**Task item**
Without changing a word, repeat the data, and include no pictures.

**Dataset extract**
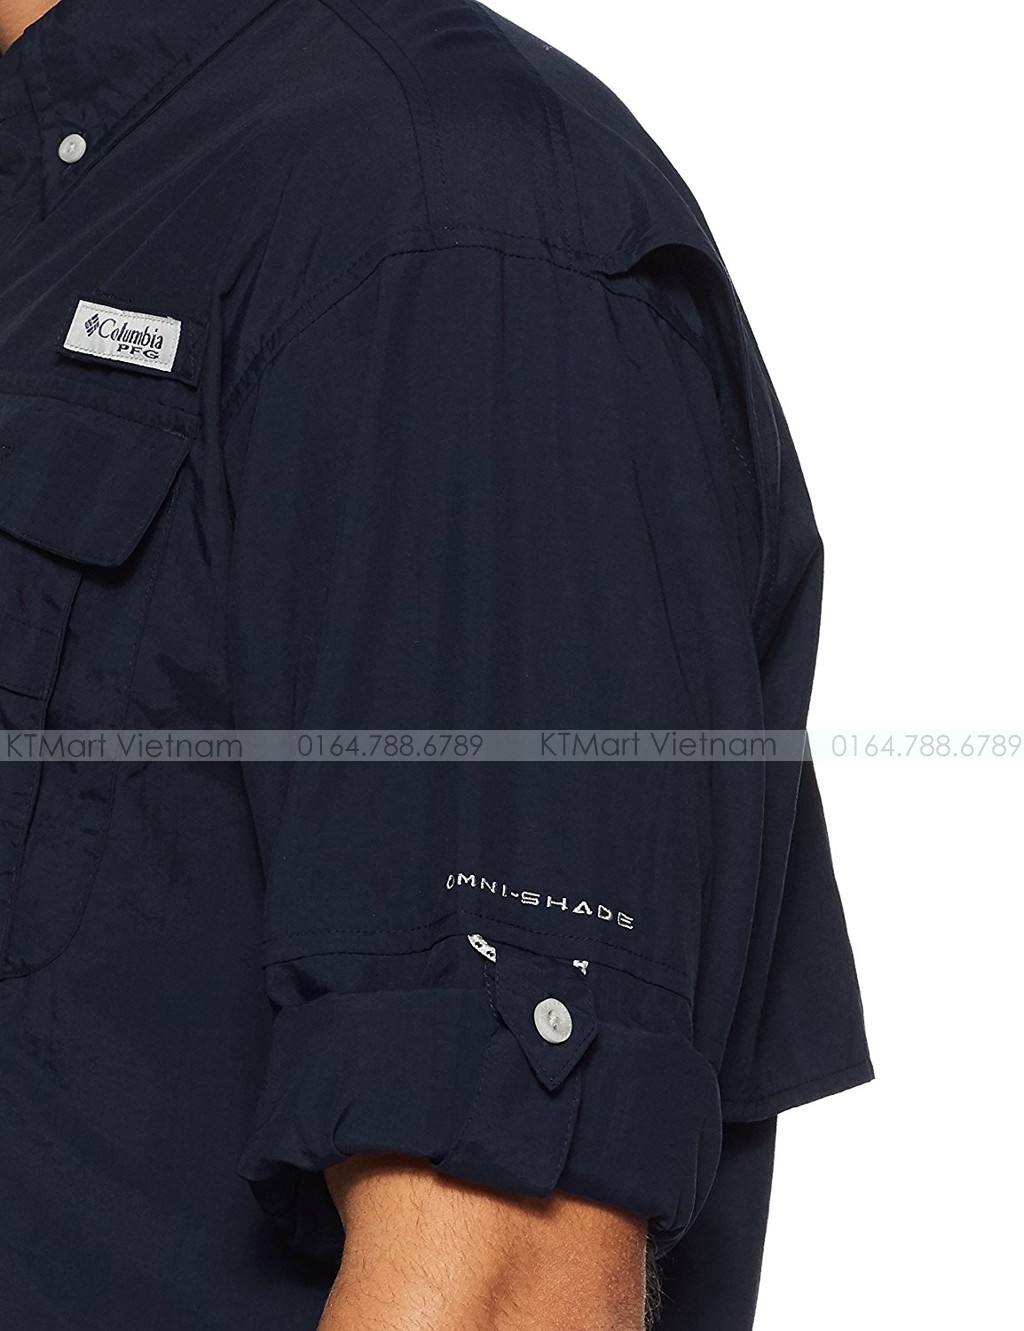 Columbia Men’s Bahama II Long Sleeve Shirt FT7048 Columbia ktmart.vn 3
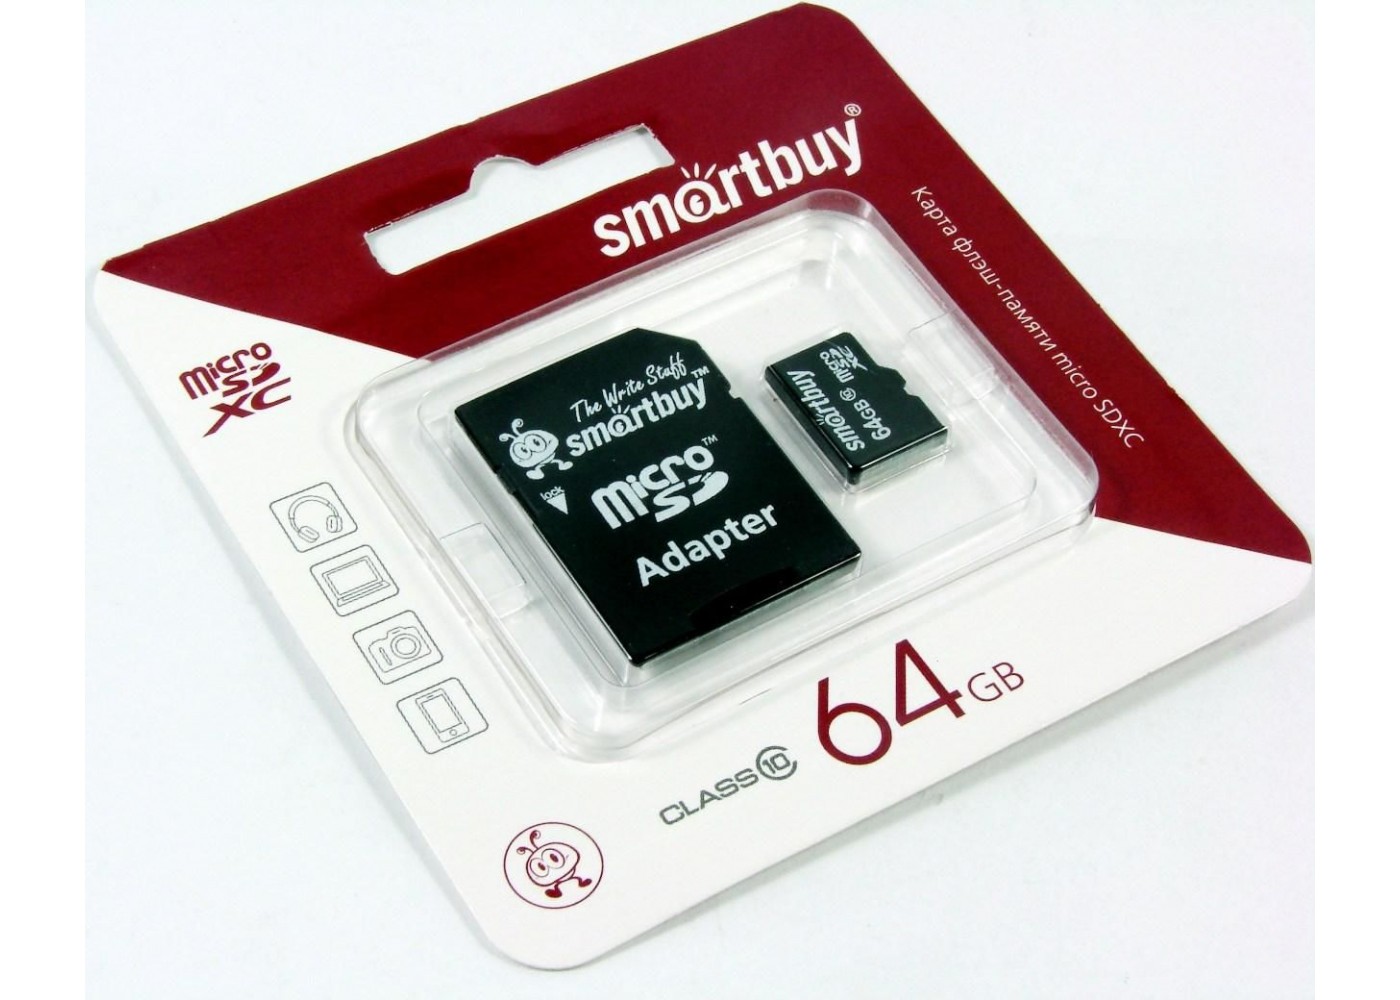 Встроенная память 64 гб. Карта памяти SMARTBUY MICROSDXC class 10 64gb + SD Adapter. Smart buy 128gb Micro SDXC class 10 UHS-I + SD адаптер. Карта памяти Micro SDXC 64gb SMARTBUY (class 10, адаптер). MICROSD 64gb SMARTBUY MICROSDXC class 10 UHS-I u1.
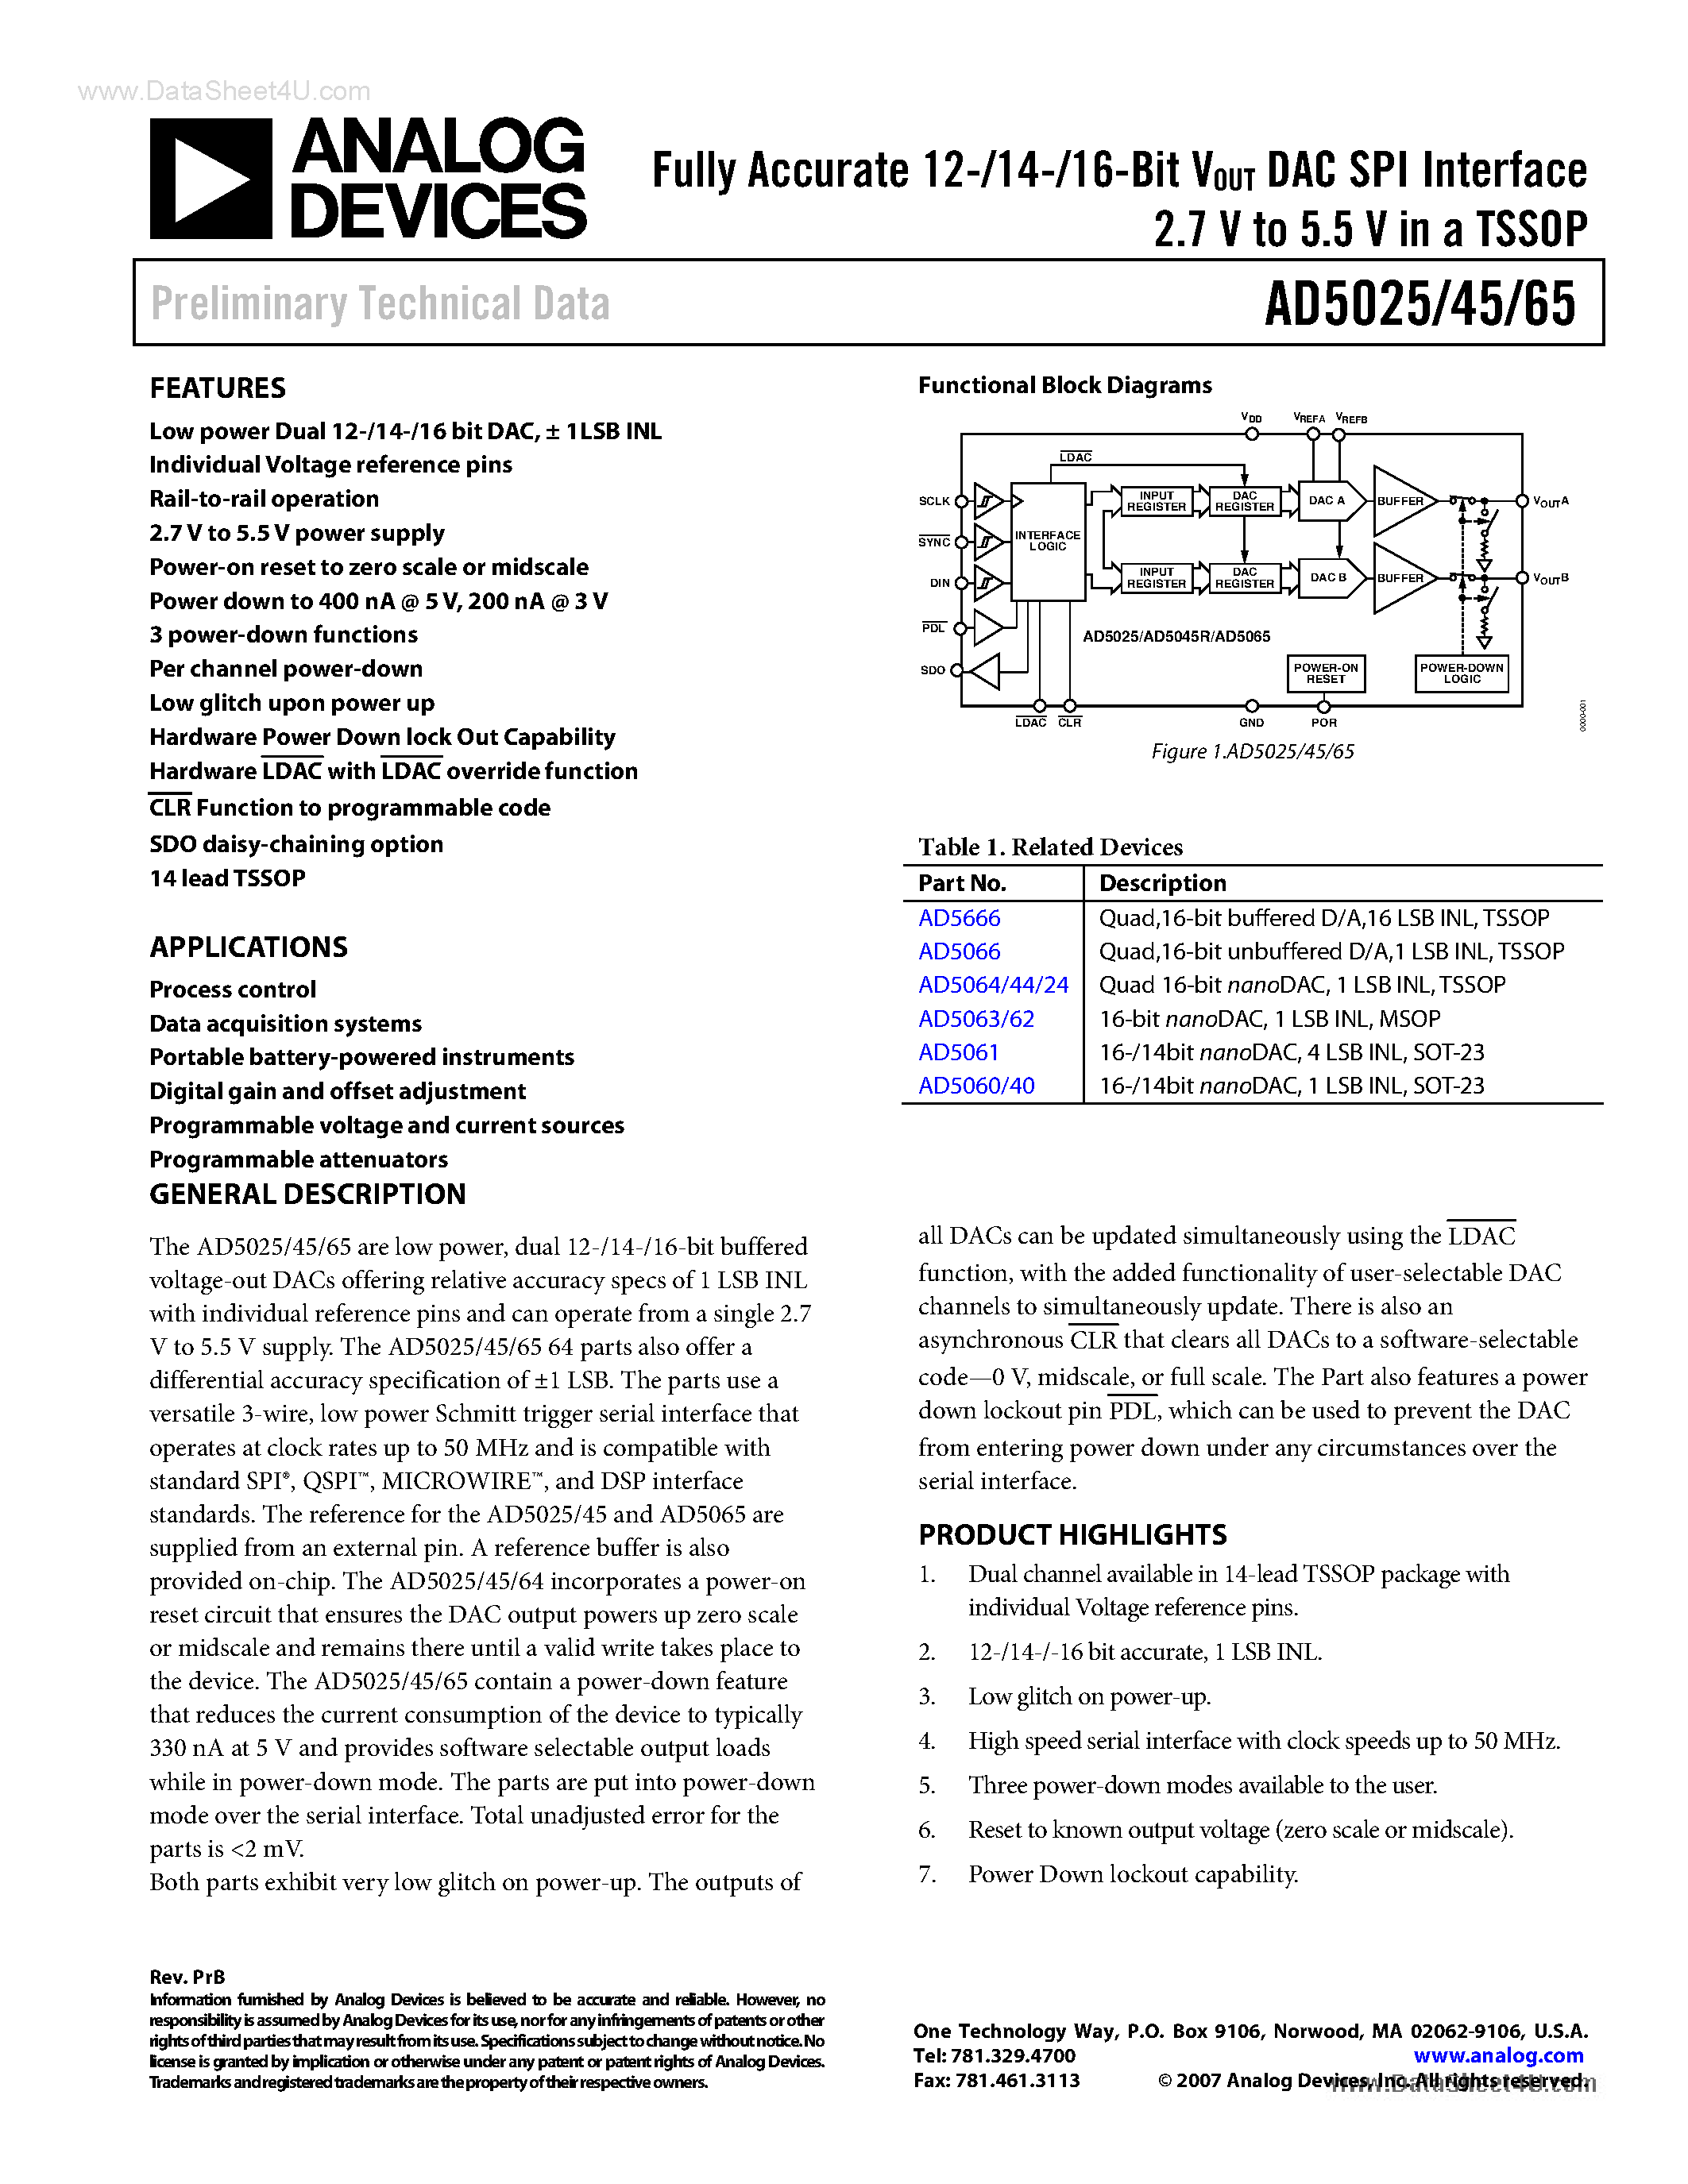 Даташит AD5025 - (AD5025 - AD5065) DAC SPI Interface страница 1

**Task answer**
 Columbia Men’s Bahama II Long Sleeve Shirt FT7048 Columbia ktmart.vn 3
 Встроенная память 64 гб. Карта памяти SMARTBUY MICROSDXC class 10 64gb + SD Adapter. Smart buy 128gb Micro SDXC class 10 UHS-I + SD адаптер. Карта памяти Micro SDXC 64gb SMARTBUY (class 10, адаптер). MICROSD 64gb SMARTBUY MICROSDXC class 10 UHS-I u1.
 Даташит AD5025 - (AD5025 - AD5065) DAC SPI Interface страница 1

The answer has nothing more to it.